Right now, I am stuck in the "how to know."  I truly do believe that it is our work to love those who come onto our paths--to raise the level of love on the planet.  How else can we make the world a better place?  Yet, I am also sure that God wants us to love ourselves. Yet  to allow someone to continue bringing misery into my life isn't raising the level of love.

Some would say that we should just let the meanness roll over us and to not allow it to make me miserable. I may even have said that a few dozen times myself.  Now I have learned that isn't so easily done.  When someone pummels me, day in and day out for years,  I do feel the pain.  Maybe my work is to say, "I deserve better."

Today, I sit with what my work is. Once it was very clear that I am to love.  When I was much younger, my work was just to survive.  Both very black and white.  Today, I sink into the shades of gray and listen for a new Truth.




Saturday, March 7, 2015

Friendship

I am taking a course in the Psychology of Happiness, and as homework I've just spent several hours reading about and reflecting on "friendship."  It seems that having one good friend with whom we can share confidences or inner feelings is essential to happiness.  The value of friendship is in quality and not quantity, so if we have 20 friends but none with whom we can share our innermost thoughts, they are of less value than one with whom we can share.  And, that one: will not only make us happier, but healthier as well.

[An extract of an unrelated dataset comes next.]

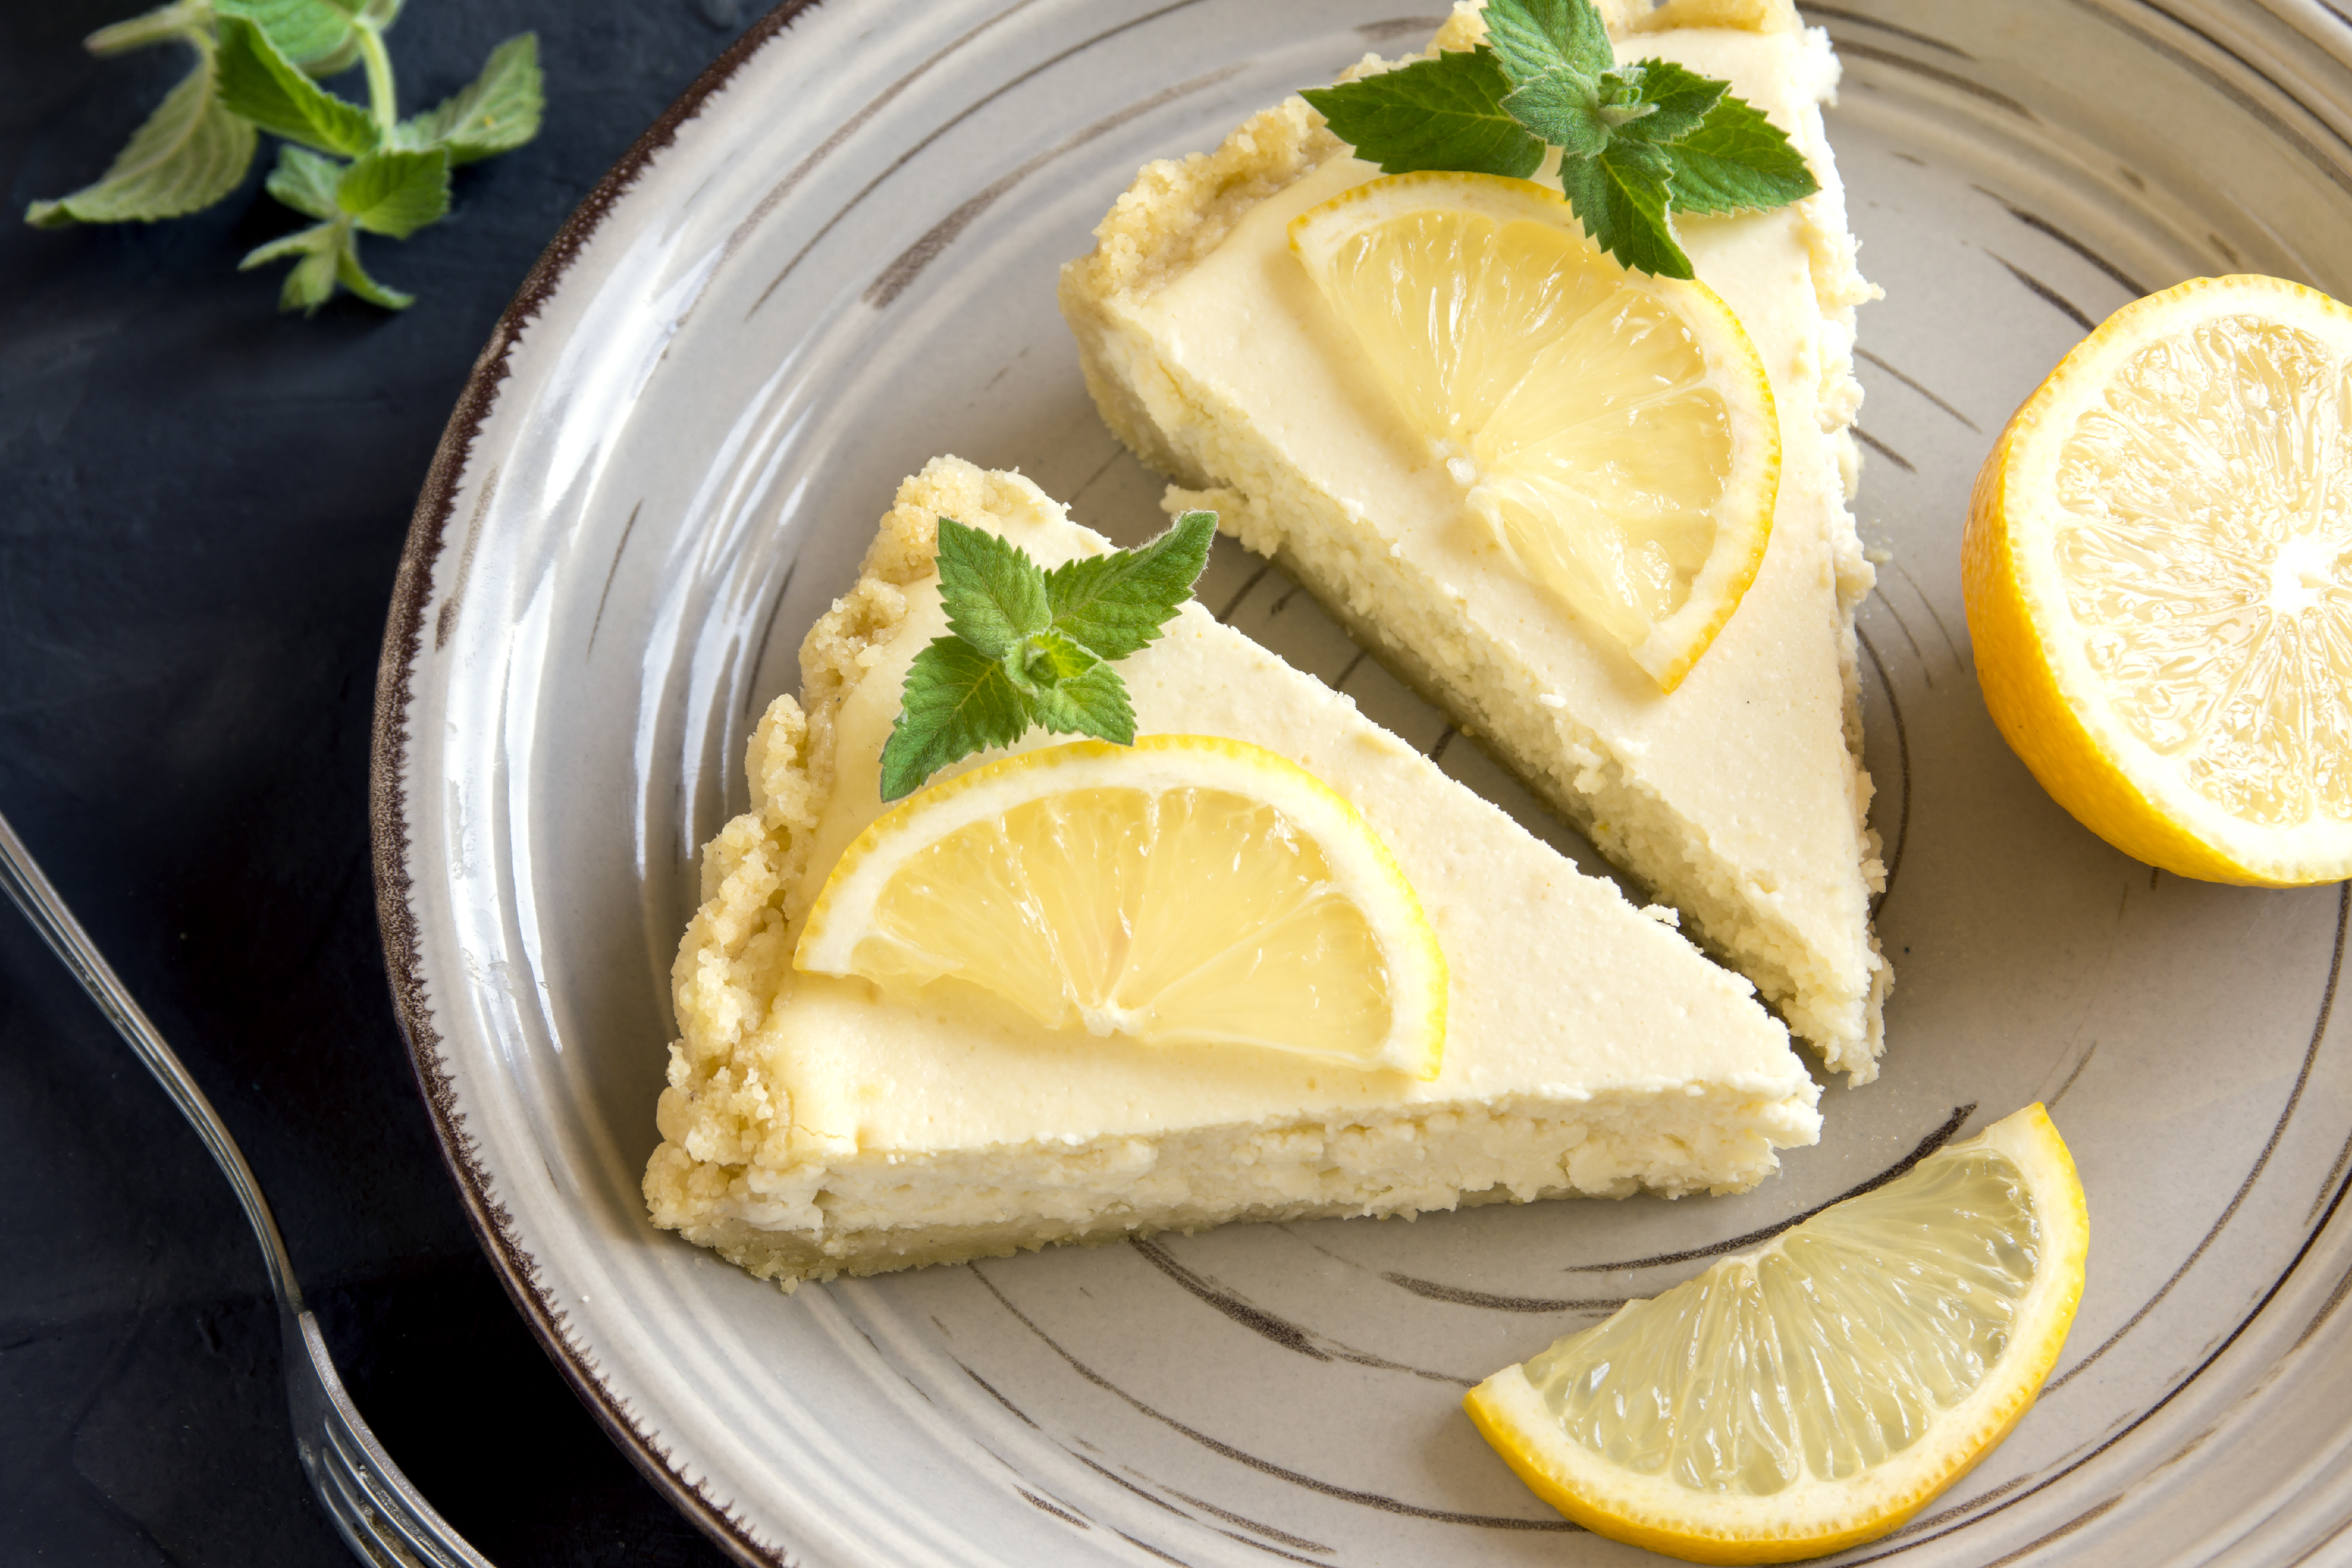 Receta: ¿Cómo preparar postre de limón? | EL ESPECTADOR

While reading Aristotle on the nature of friendship is not exactly the light reading I might prefer for a Saturday afternoon, the ancient philosopher does raise a lot of questions about the true nature of friendship.  Are we friends because of something we get from a person?  Aristotle calls that "utility," and he professes that is not friendship but "profit."  He also describes friendship of "duty," and friendship that is really love to gain love in return.

What has interested me most in his intellectual/philosophical meanderings is the description of a friendship of pure delight in each other's company, where we love without concern of being loved in return.  Now, that's what I call friendship.  In my experience such friendships are rare to be preciously tended.

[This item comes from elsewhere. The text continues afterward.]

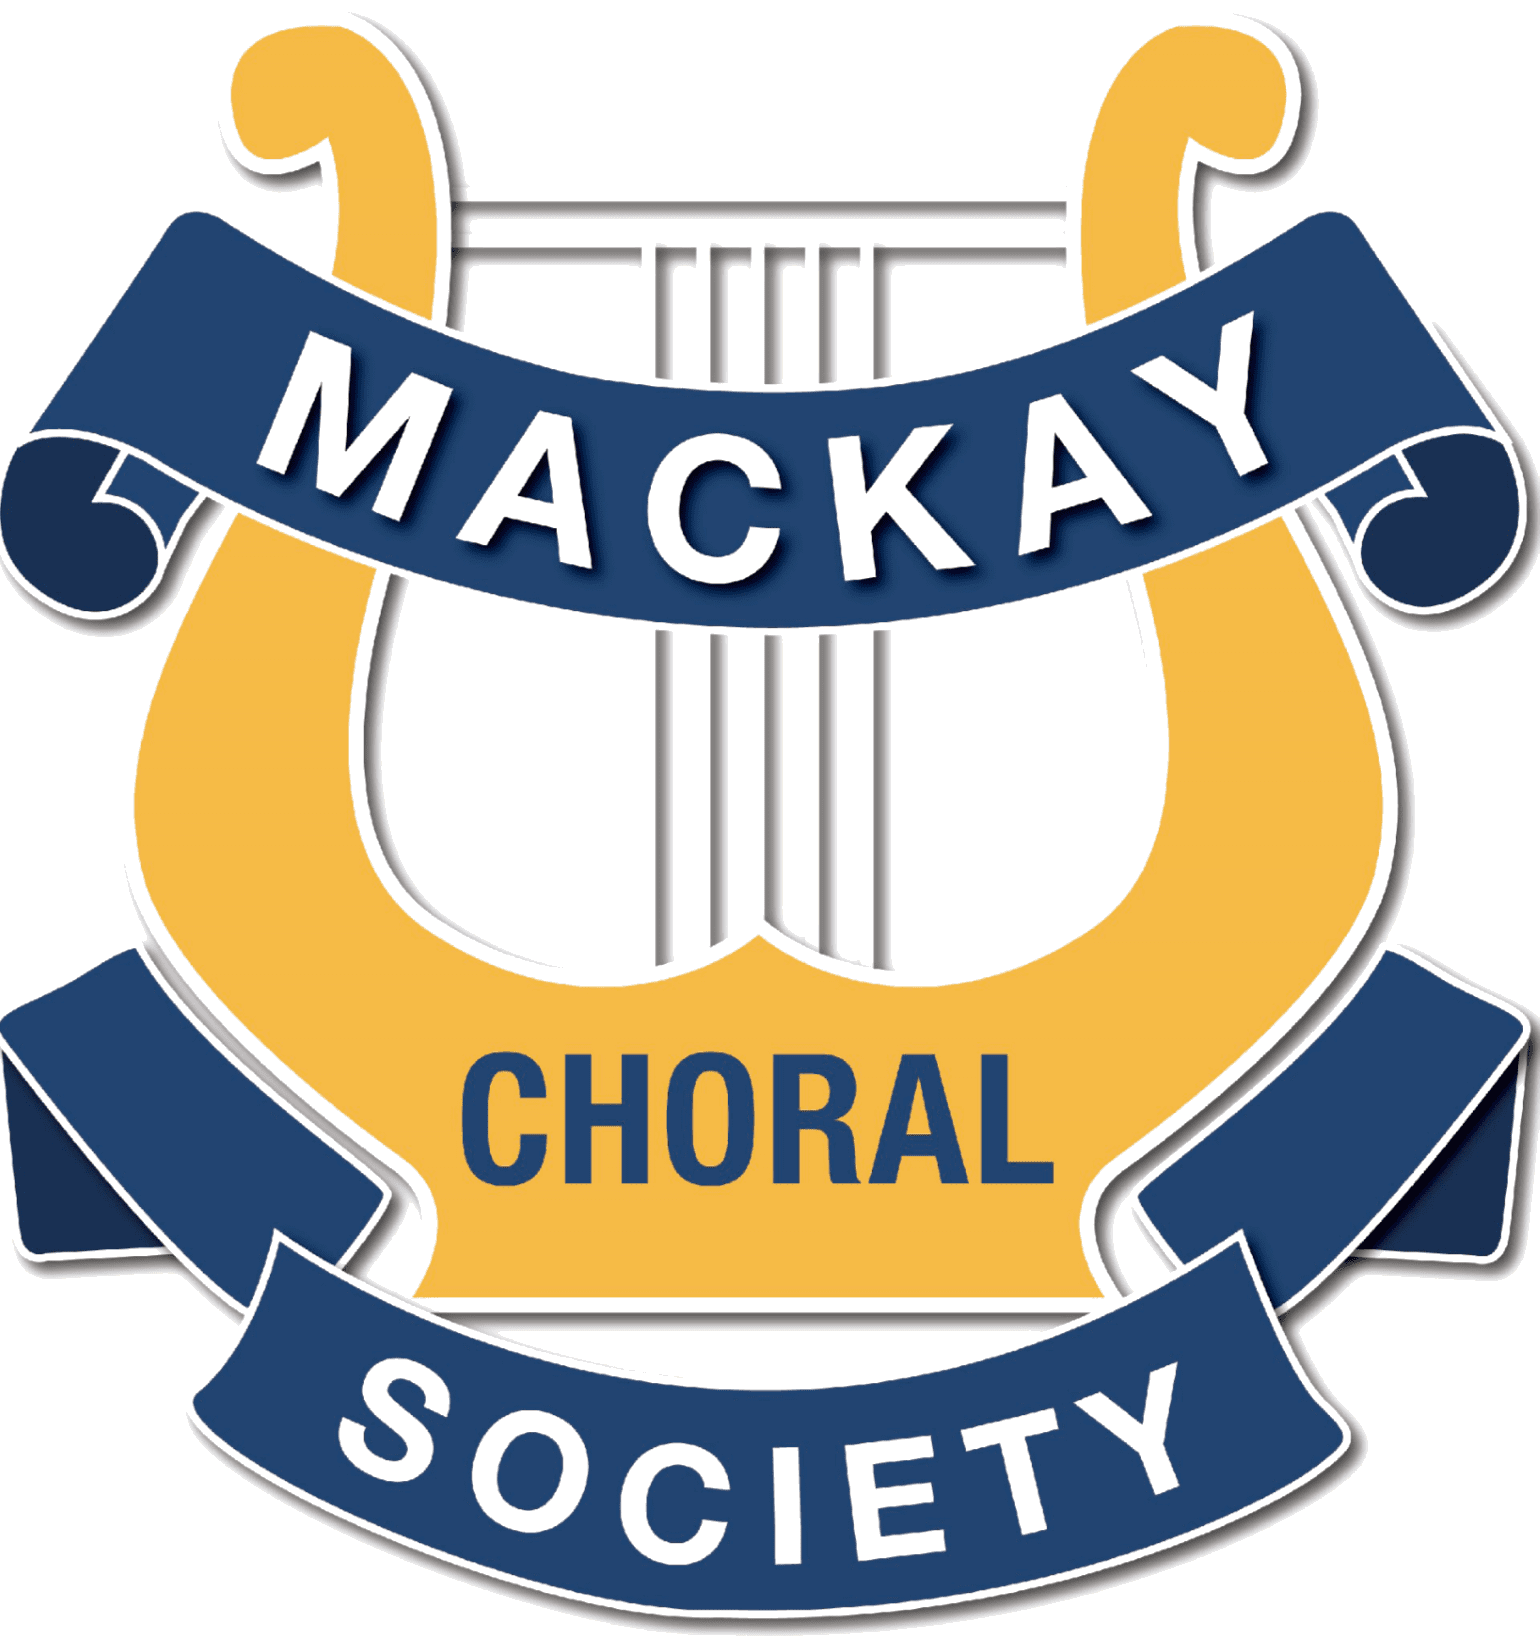 Mackay Choral Society

Forty years ago, give or take, I walked into a room in an aging dormitory building to meet a new roommate.  In less than 30 minutes time, I was certain we would be friends for life, and so far, I have been correct. We have gone long periods without seeing each other face to face, but usually talking at least once or twice a year.  Always, we seem to pick up just where we left off.

It never occurred to me to be concerned that I would get anything from the relationship but pure delight.  Each time we are together that is exactly what I feel--pure delight.

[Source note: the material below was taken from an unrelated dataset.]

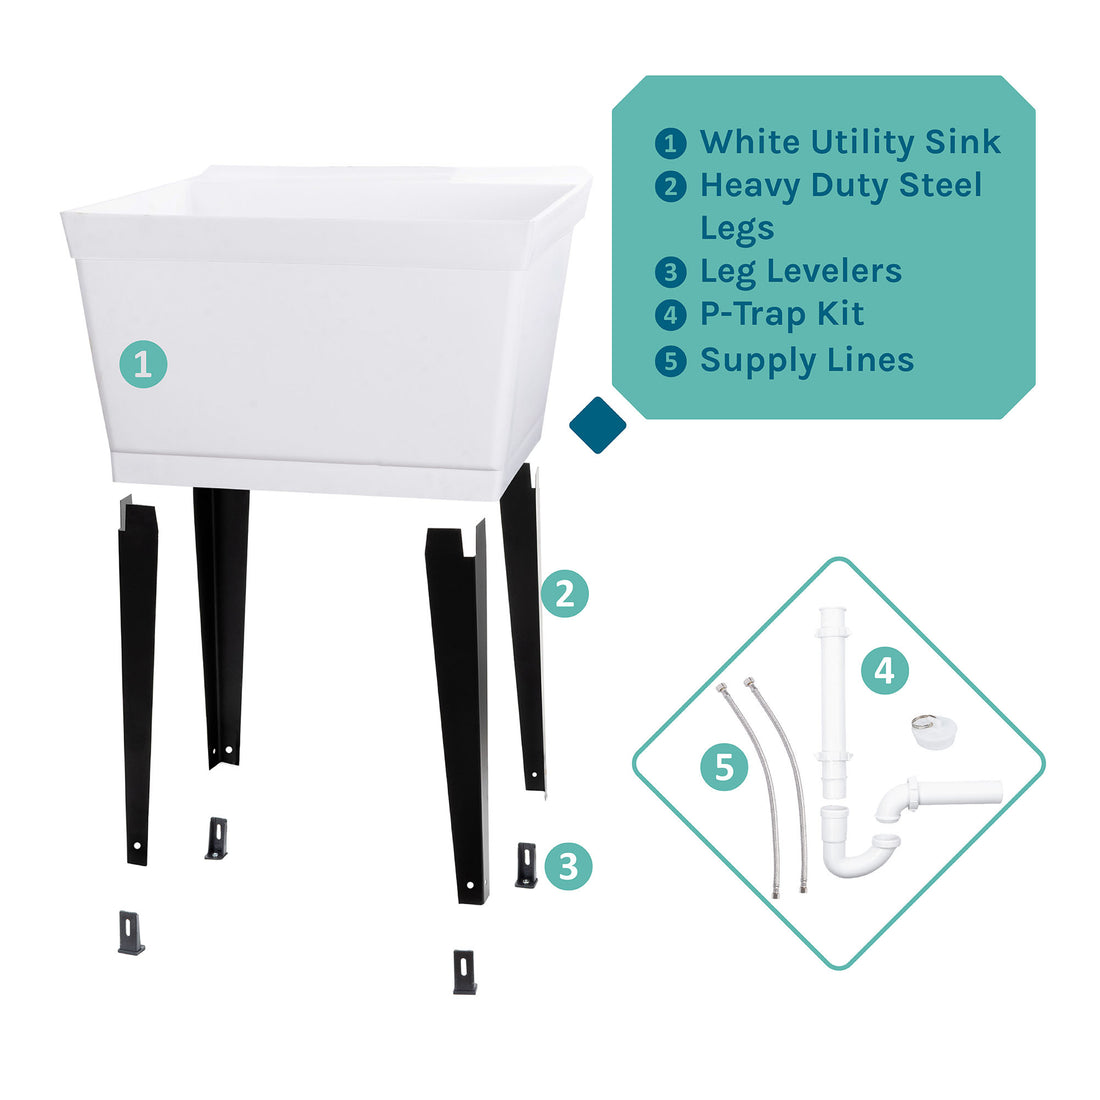 Tehila Standard Freestanding White Utility Sink with Black Legs, Water Supply Lines Included - Utility sinks vanites Tehila

Last weekend she and I met for the weekend in New York City.  We tromped all over Manhattan, taking on the mysteries of the New York subway system and seeing as many sites as we could take in during two days.  I even walked 12 blocks once, just to end up almost from where I departed. Despite bitter cold and an unexpectedly early snowstorm, we embraced the city with gusto, talking for hours on end into the night.  The years peeled away, and we were 20 again. Well, except for some gray hair and a few lines.

I still have lots of Aristotle to plow through, but so far I've read nothing to suggest that he really got that instant relationship that "clicks" for a lifetime.  Having had such a friendship is a gift of my lifetime.  What a blessing that such a miracle crossed through my life, and I had the wisdom and dexterity to grab it.